Hi all,
Hoping that some of the RNAseq experts in here are having some pieces of advice on normalization/proceeding of following data analysis:
The study is about how a stressor is affecting a non-model species (no reference genome/transcriptome available) in terms of differential gene expression. We did a deep sequencing to make a reference transcriptome and sequenced the samples at a "lower depth":
Reference transcriptome de novo assembled (Trinity) from reads with a sequencing depth of 300 M (PE 2x150 nt). The statistics (TrinityStats), E50N90, BUSCO analysis, Blast2Go, Detonate (comparison of 3 assemblies - chose the best one) looks good. The reference is made from a non-stressed individual of the non-model organism.
Triplicate samples of "negative stress control", "positive stress control" and the "treatment" with a sequencing depth of 25M (PE 2x75nt)

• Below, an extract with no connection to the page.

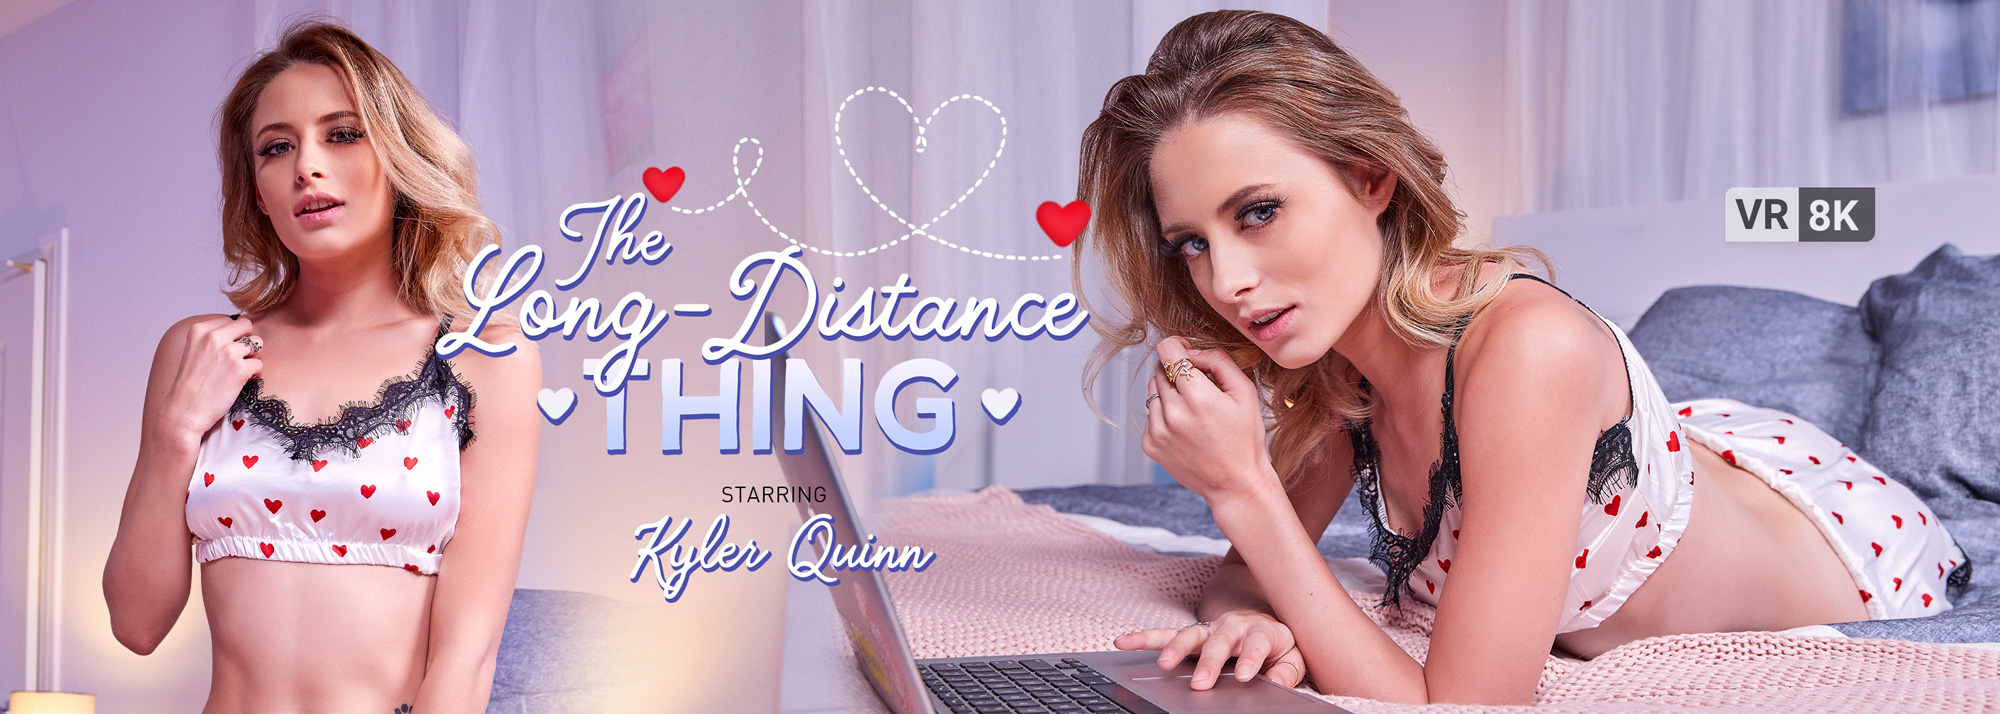 The Long-Distance Thing with Kyler Quinn  Slideshow
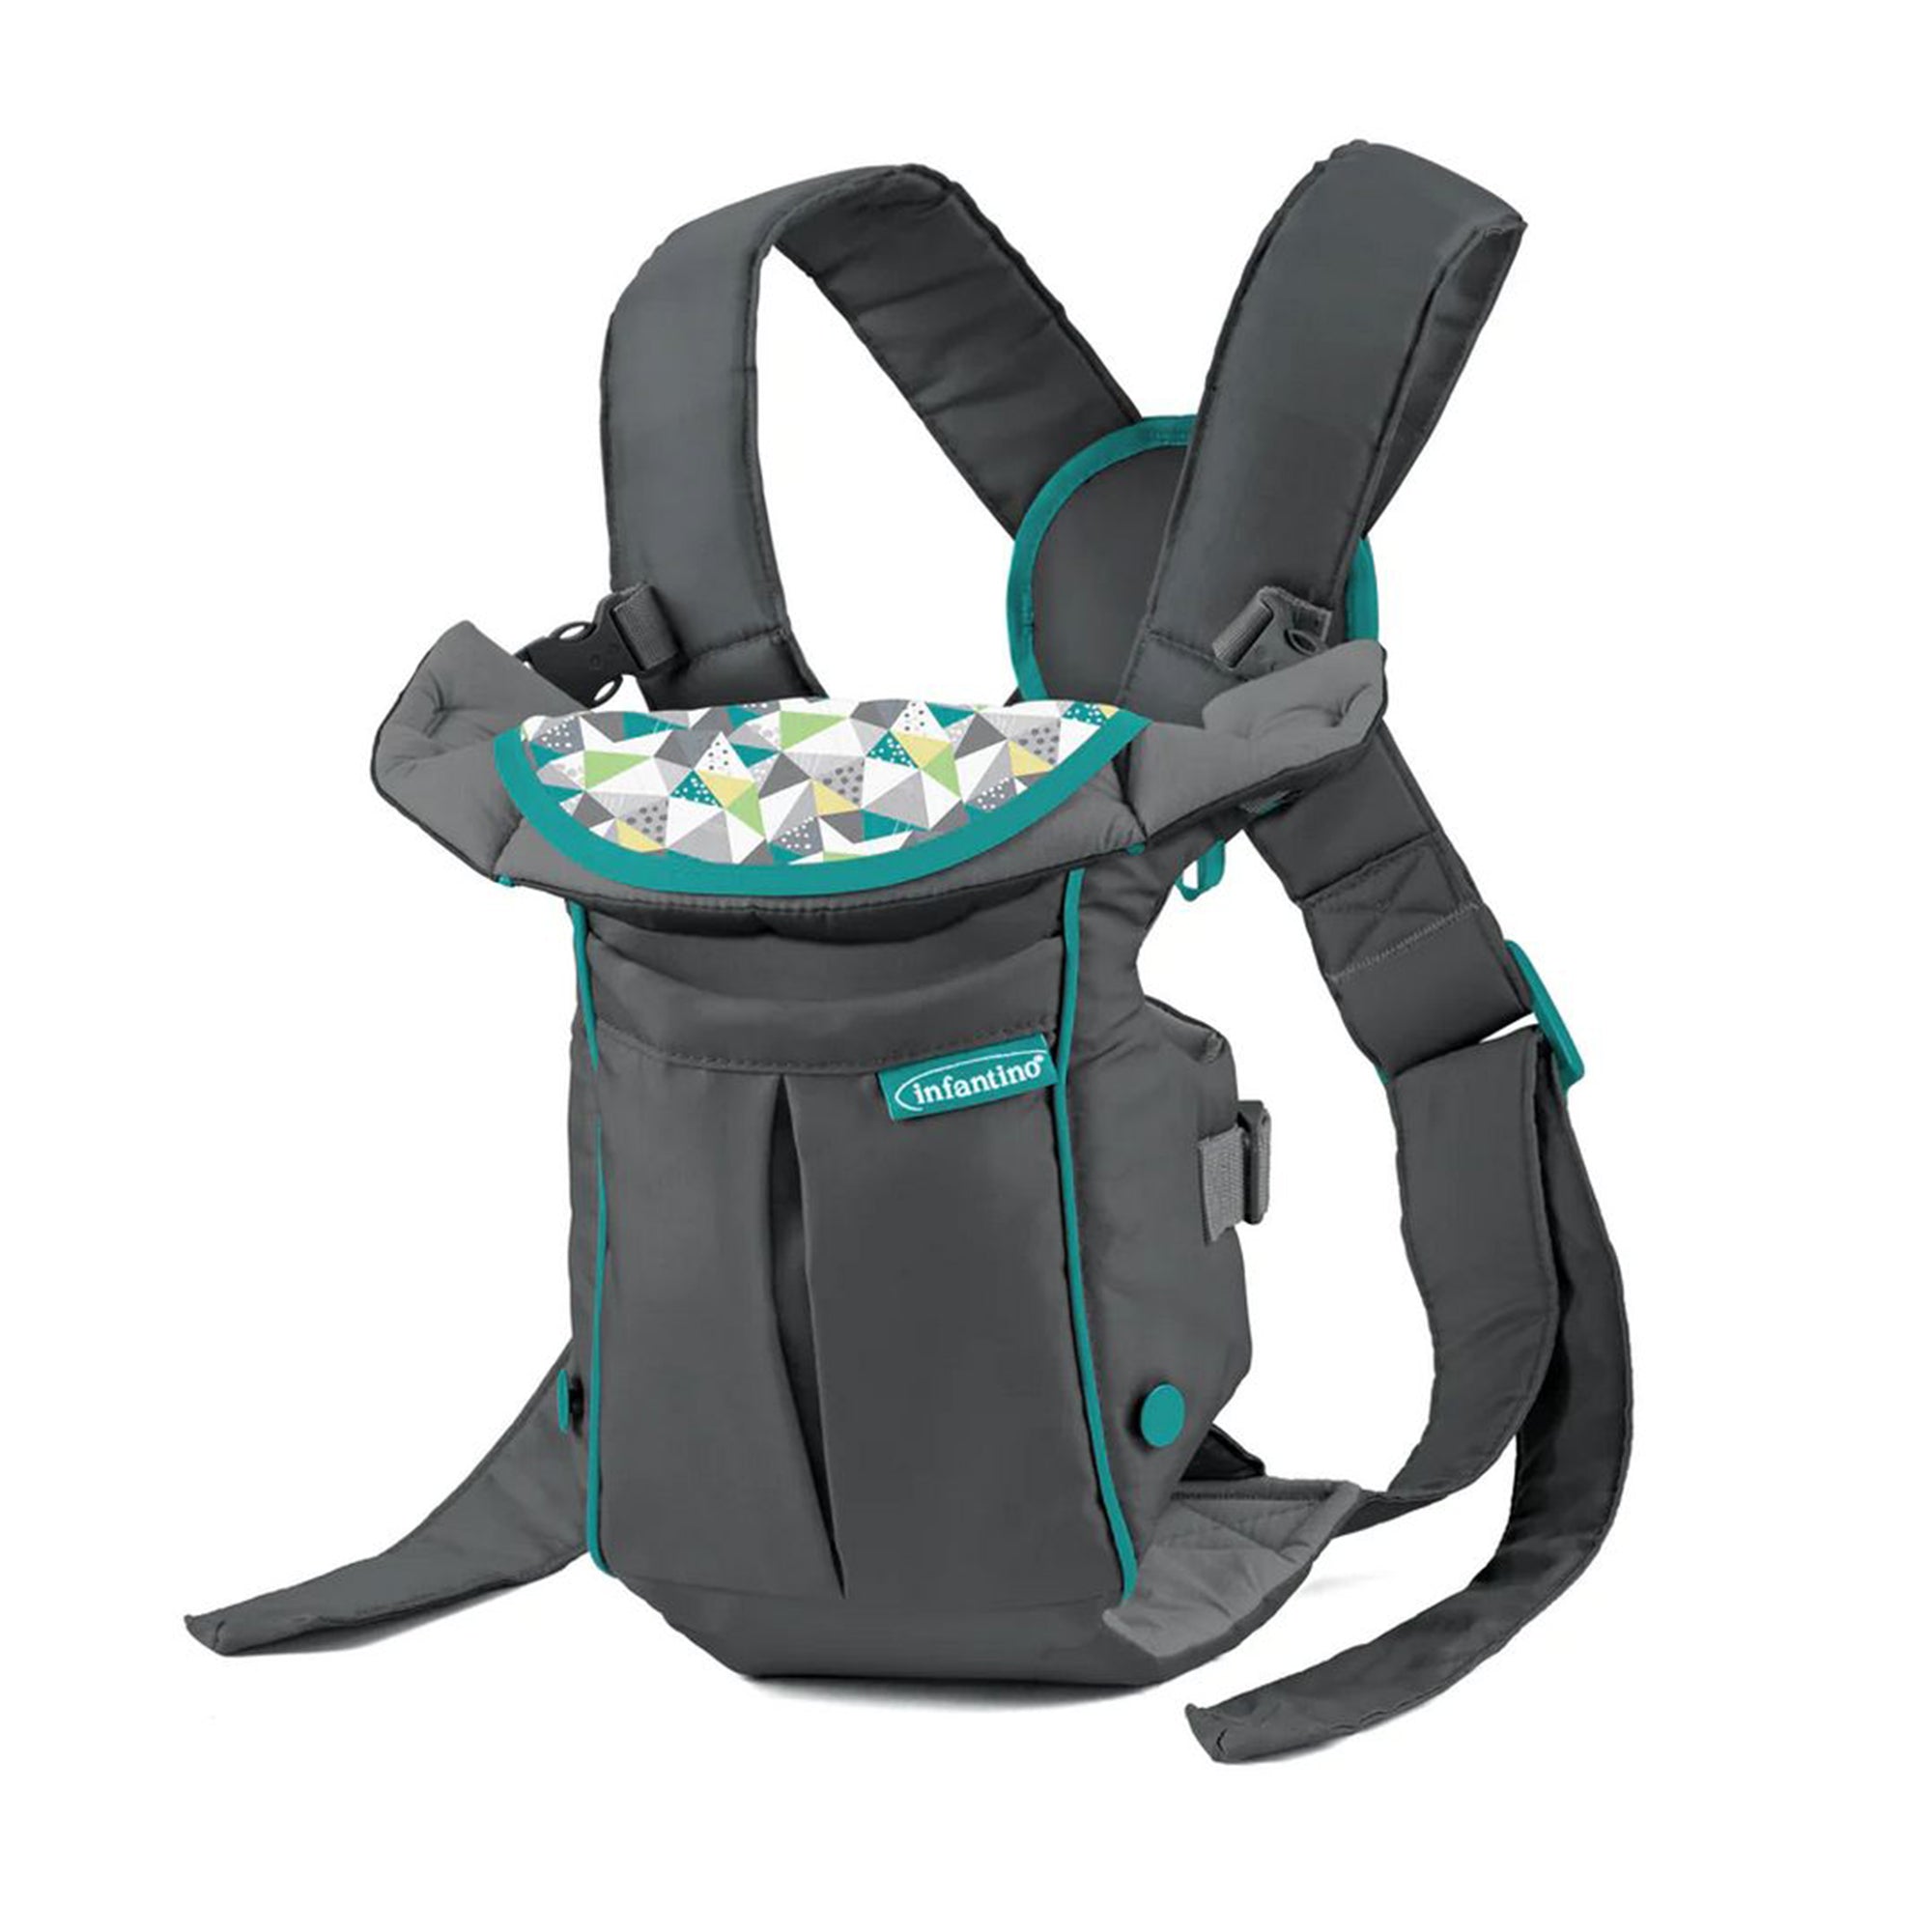 Infantino Swift Classic Carrier With Pocket - Grey - Birth to 12 Months

How is the best way to use the reference transcriptome in order to determine differential gene expression of the samples? any tips/tricks on how to normalize?
Thank you!
I'm no expert, but you could use your reference transcriptome to map reads of your treatments and obtain counts (kallisto, or you can take the single mapping reads as counts I think), however, you will be missing out on all the isoforms specific to that treatment. You can normalize using edgeR's TMM method ( an explanation here), and I am pretty sure the way from there to determine differential expression is pretty standard (maybe look at edgeR's vignettes?).
PS- Is it E50N90 or E90N50?
Ops, I meant E90N50 :-)
Thank you! I have considered kallisto as well
The Trinity wiki provides a lot of guidance for exactly what you want to do: https://github.com/trinityrnaseq/trinityrnaseq/wiki/Post-Transcriptome-Assembly-Downstream-Analyses
Since you will be aligning to your transcriptome you will want to rescue multi-mapped reads. The Trinity developers recommend Kallisto, Salmon or RSEM.
As a personal note, my workflow is to map to the assembly using bowtie, estimate abundance using RSEM and then normalization and differential testing using edgeR's TMM method.